First find the line with "Since 1869 Hand", then reproduce it and all following lines of the data to the end, exactly and with no pictures, adding nothing.

Data below:

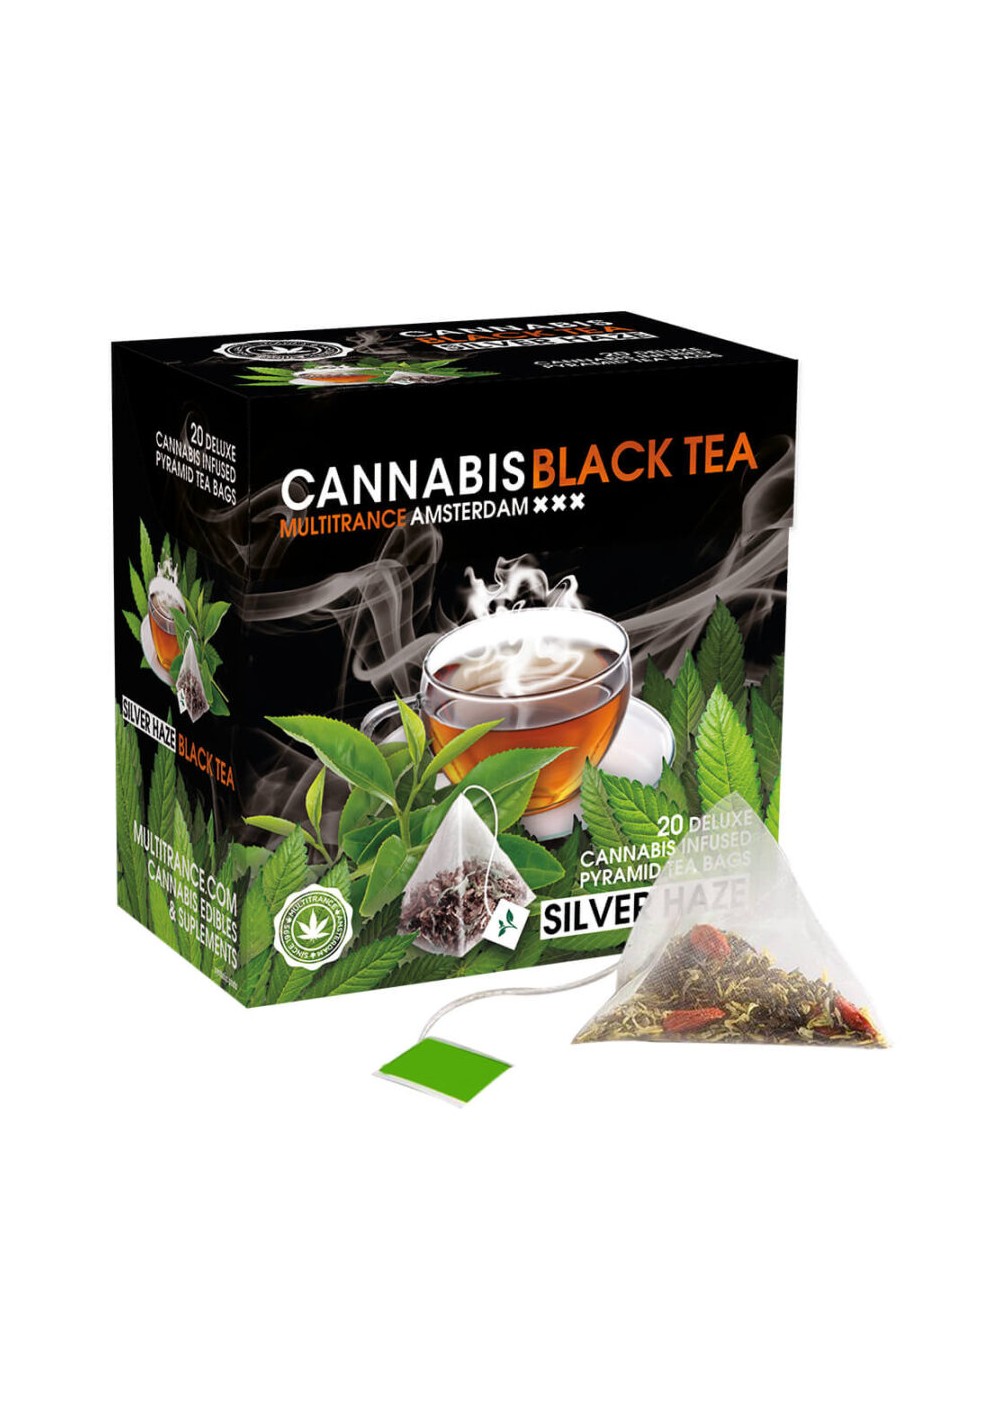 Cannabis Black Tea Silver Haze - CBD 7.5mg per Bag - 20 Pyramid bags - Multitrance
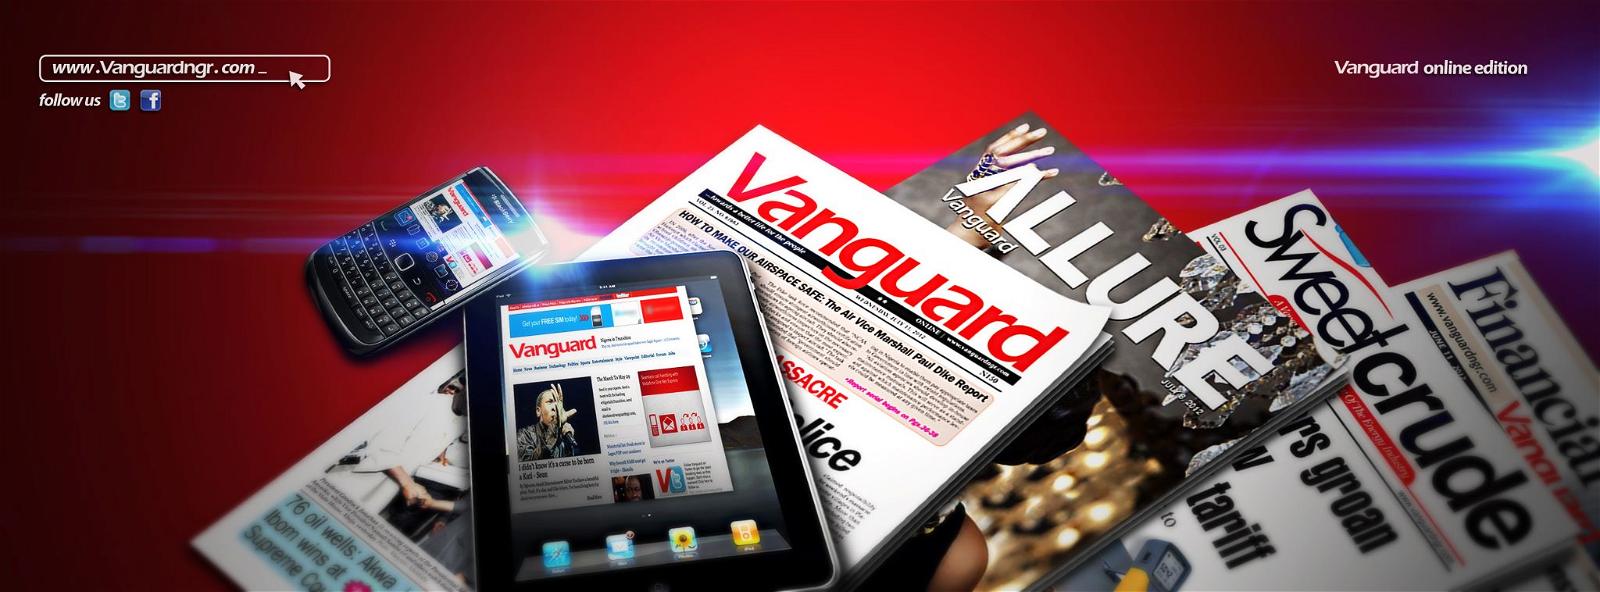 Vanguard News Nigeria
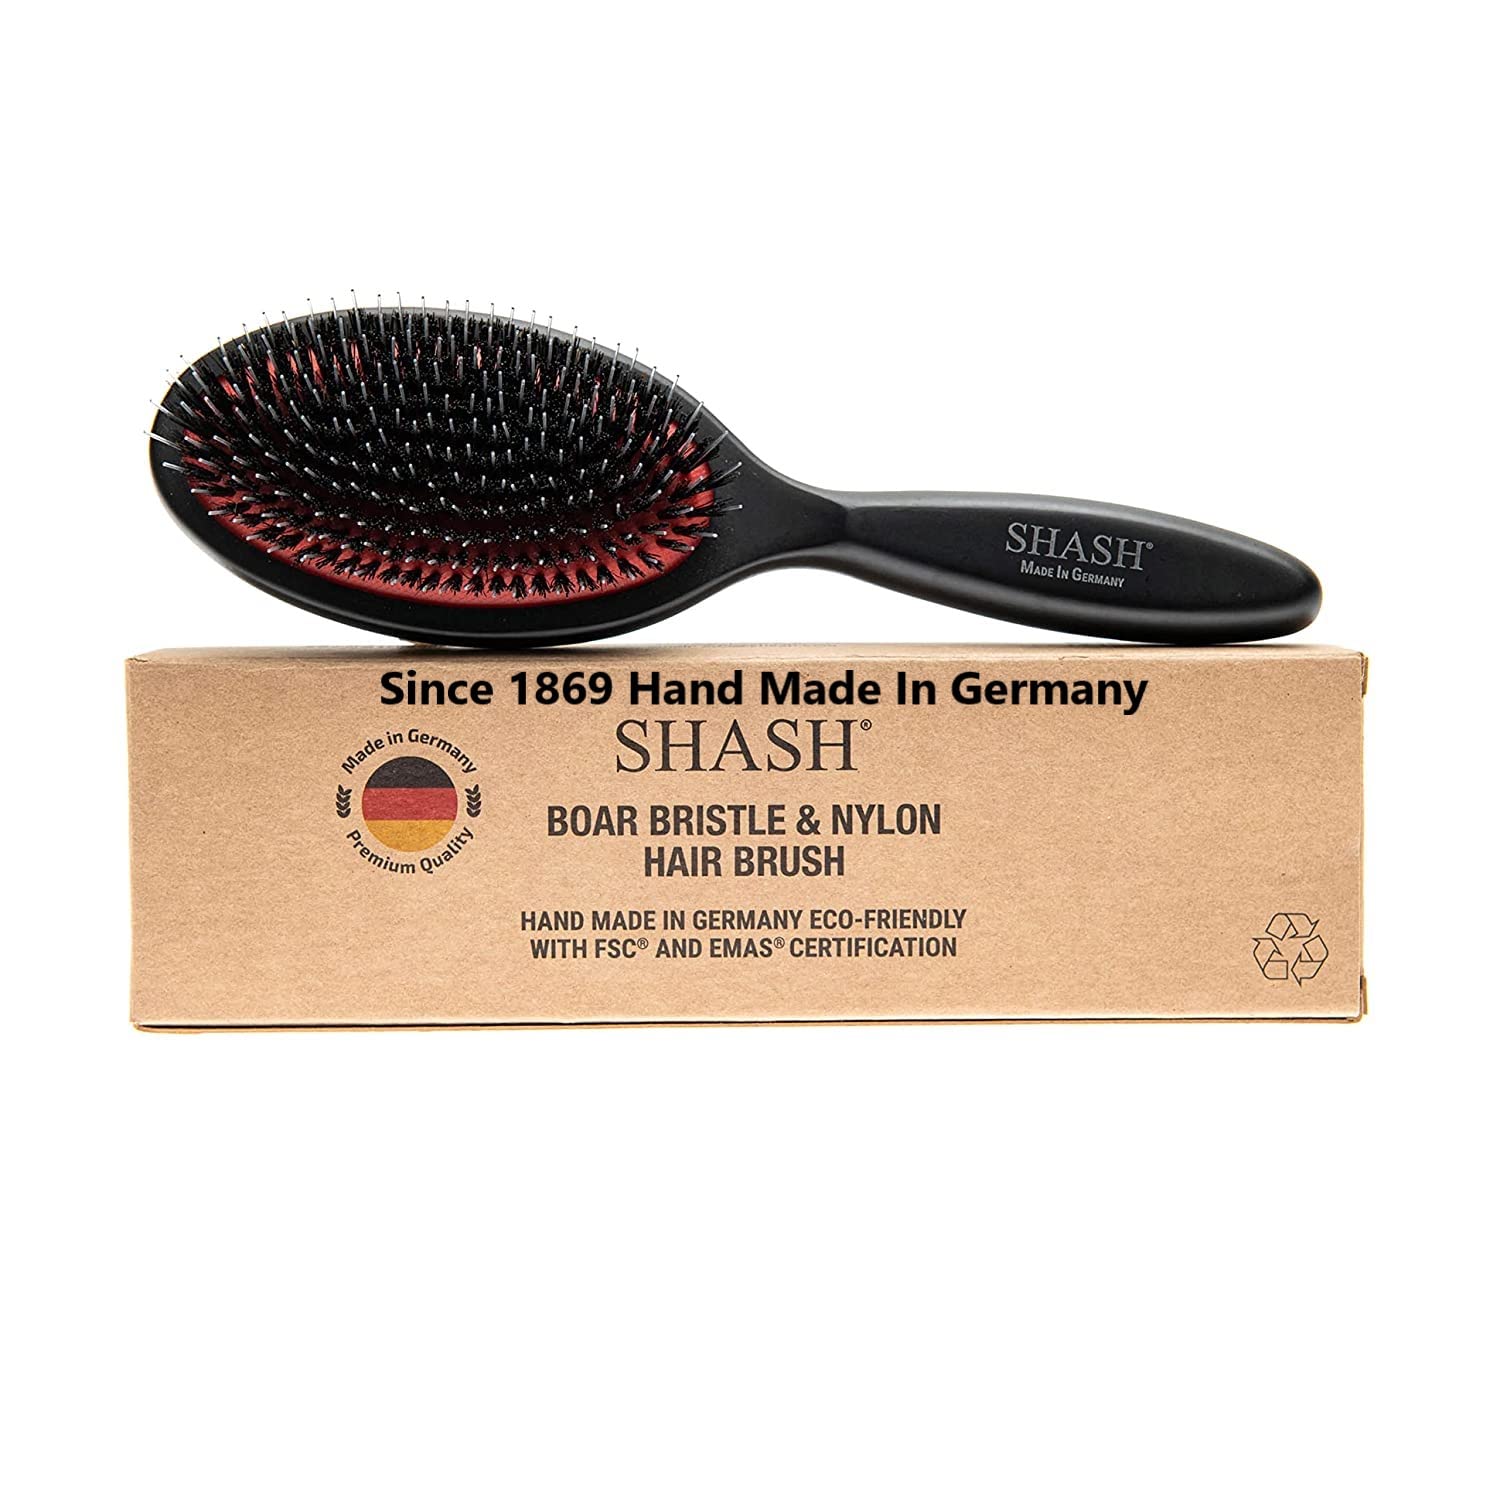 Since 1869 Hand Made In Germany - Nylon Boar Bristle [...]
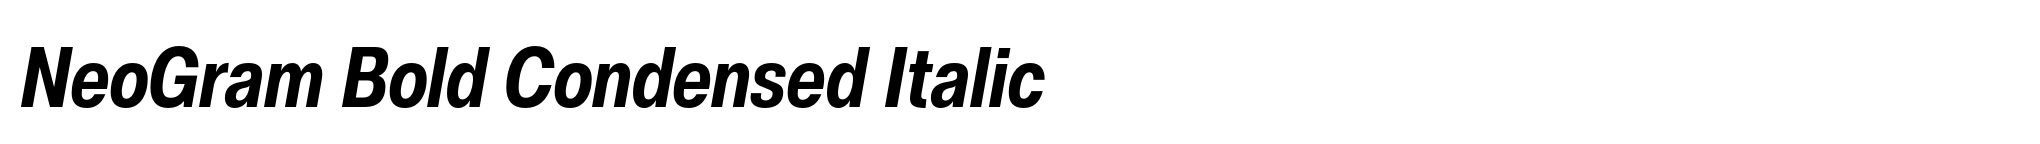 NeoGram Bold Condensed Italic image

End of Data.

> Expected answer
 Since 1869 Hand Made In Germany - Nylon Boar Bristle [...]
 NeoGram Bold Condensed Italic image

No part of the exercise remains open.